[[ GIVEN ENTRIES open ]]

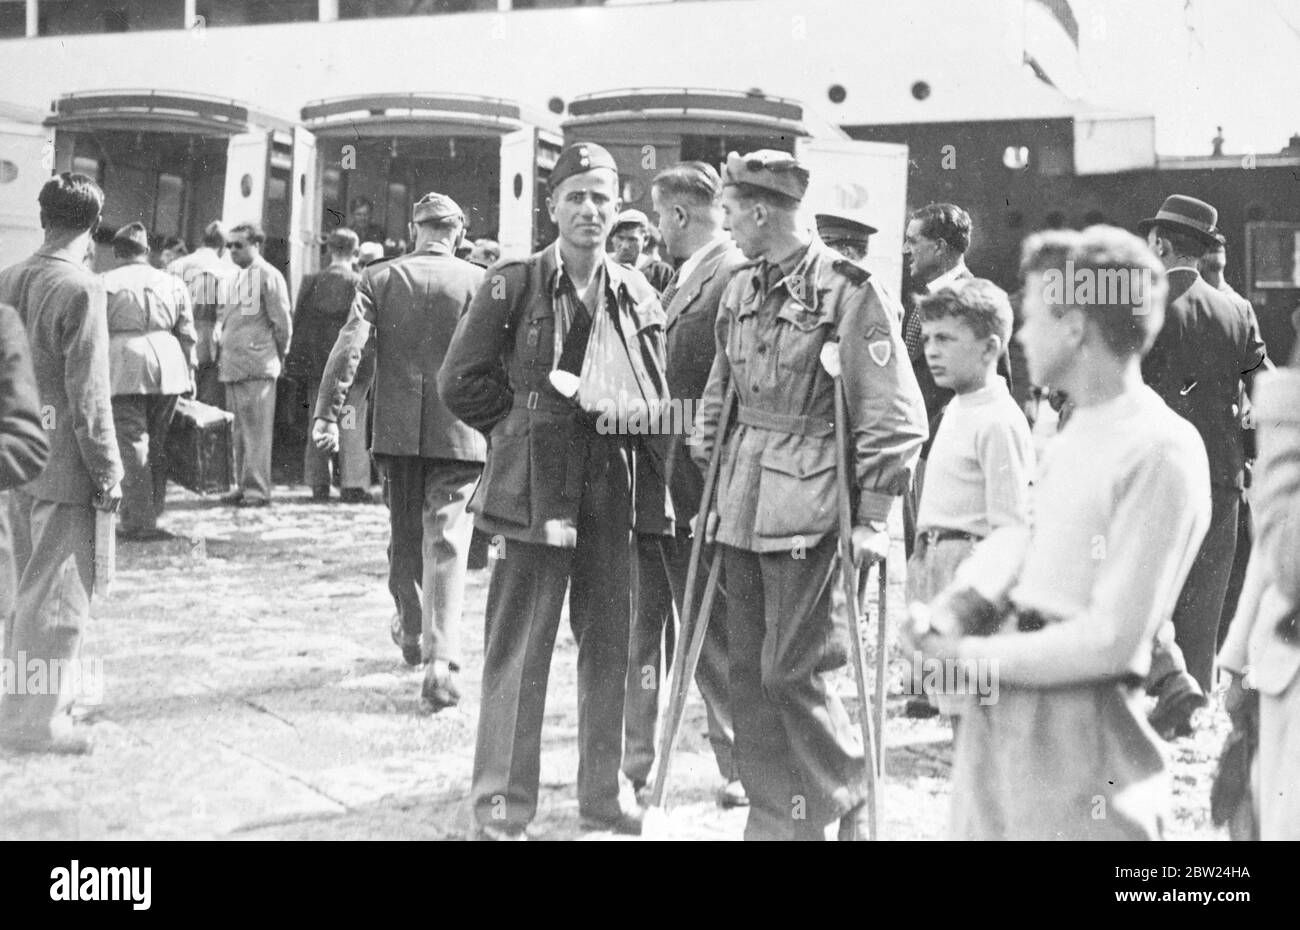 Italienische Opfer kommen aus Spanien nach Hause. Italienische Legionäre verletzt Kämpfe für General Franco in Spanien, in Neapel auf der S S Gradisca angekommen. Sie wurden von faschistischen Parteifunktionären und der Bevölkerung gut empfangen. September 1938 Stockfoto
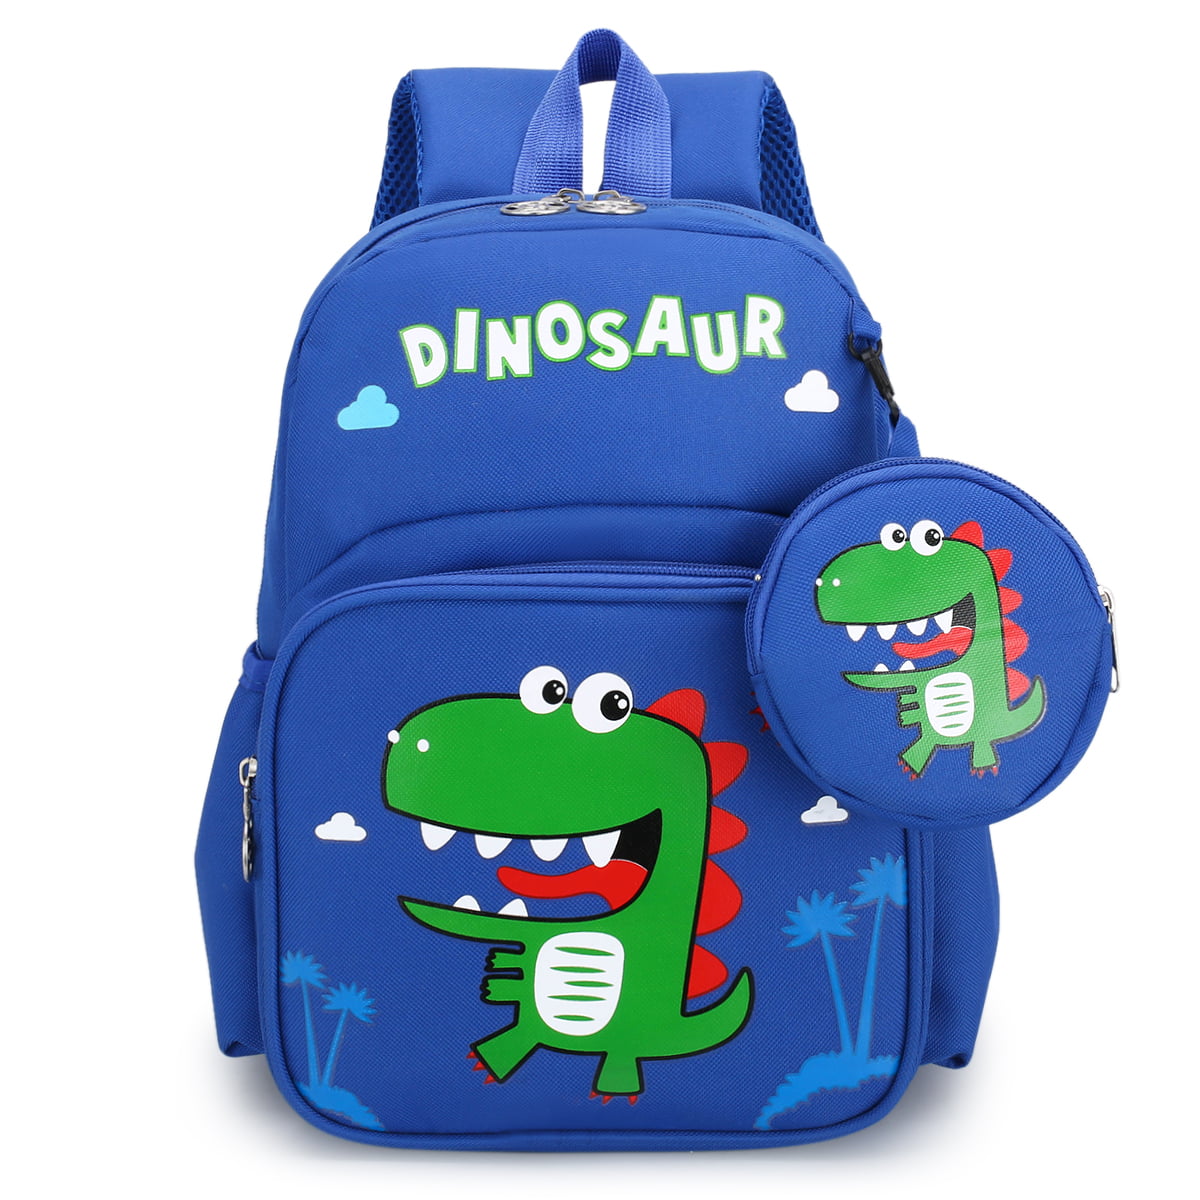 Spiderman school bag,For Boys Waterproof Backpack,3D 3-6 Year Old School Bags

[[ GIVEN ENTRIES closed ]]
[[ GIVEN ENTRIES open ]]

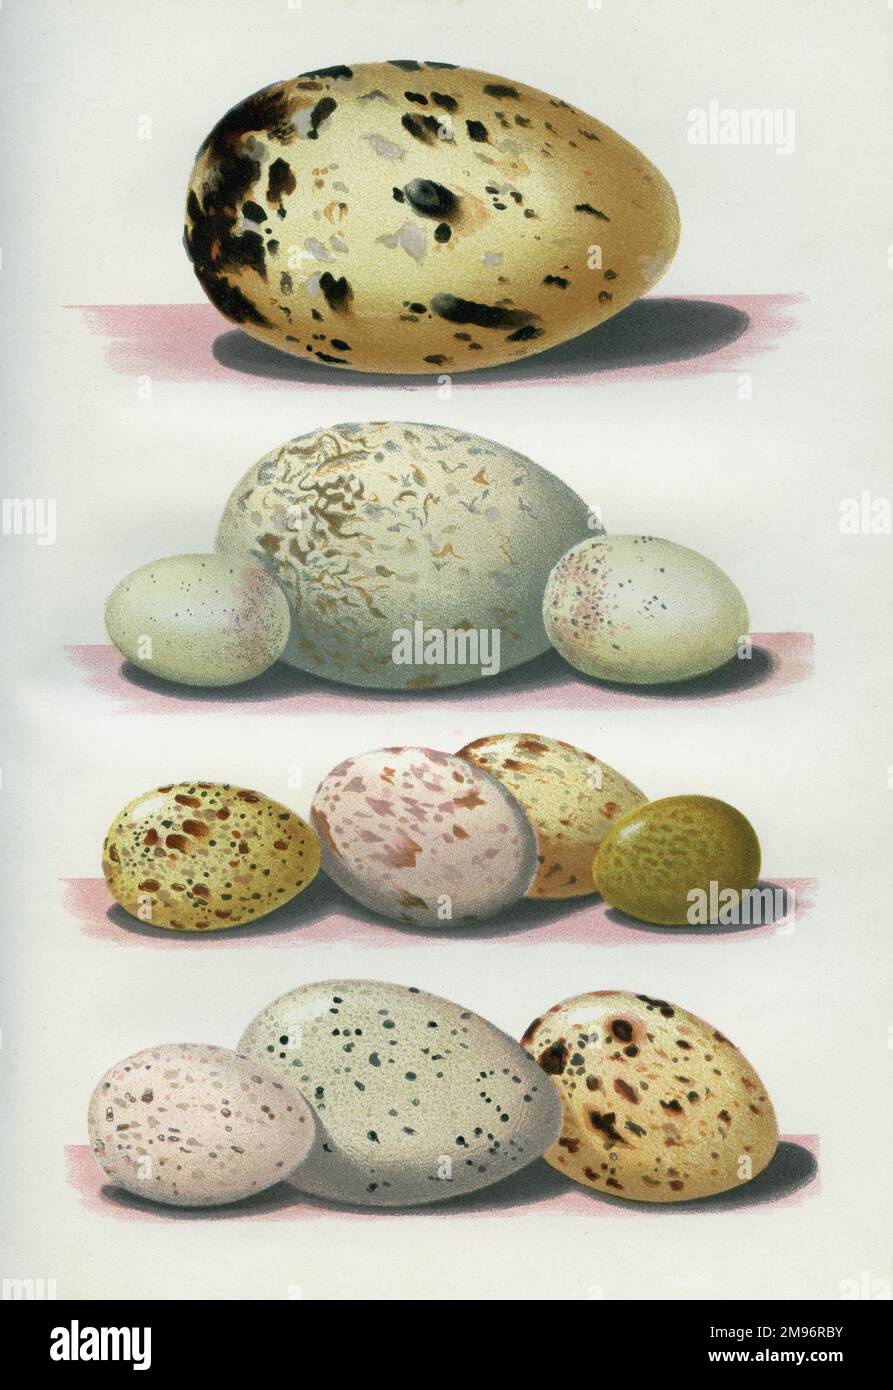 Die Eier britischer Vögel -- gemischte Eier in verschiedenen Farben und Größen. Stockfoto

[[ GIVEN ENTRIES closed ]]
[[ GIVEN ENTRIES open ]]

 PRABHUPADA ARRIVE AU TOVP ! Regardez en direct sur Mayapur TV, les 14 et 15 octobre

[[ GIVEN ENTRIES closed ]]

**YOUR ASSIGNMENT**. Pictures excluded, transcribe the listing above exactly from the line with "Italienische Opfer kommen" through the line with "Spiderman school bag,For", and no further.

**TASK RESULT**.
 Italienische Opfer kommen aus Spanien nach Hause. Italienische Legionäre verletzt Kämpfe für General Franco in Spanien, in Neapel auf der S S Gradisca angekommen. Sie wurden von faschistischen Parteifunktionären und der Bevölkerung gut empfangen. September 1938 Stockfoto
 Spiderman school bag,For Boys Waterproof Backpack,3D 3-6 Year Old School Bags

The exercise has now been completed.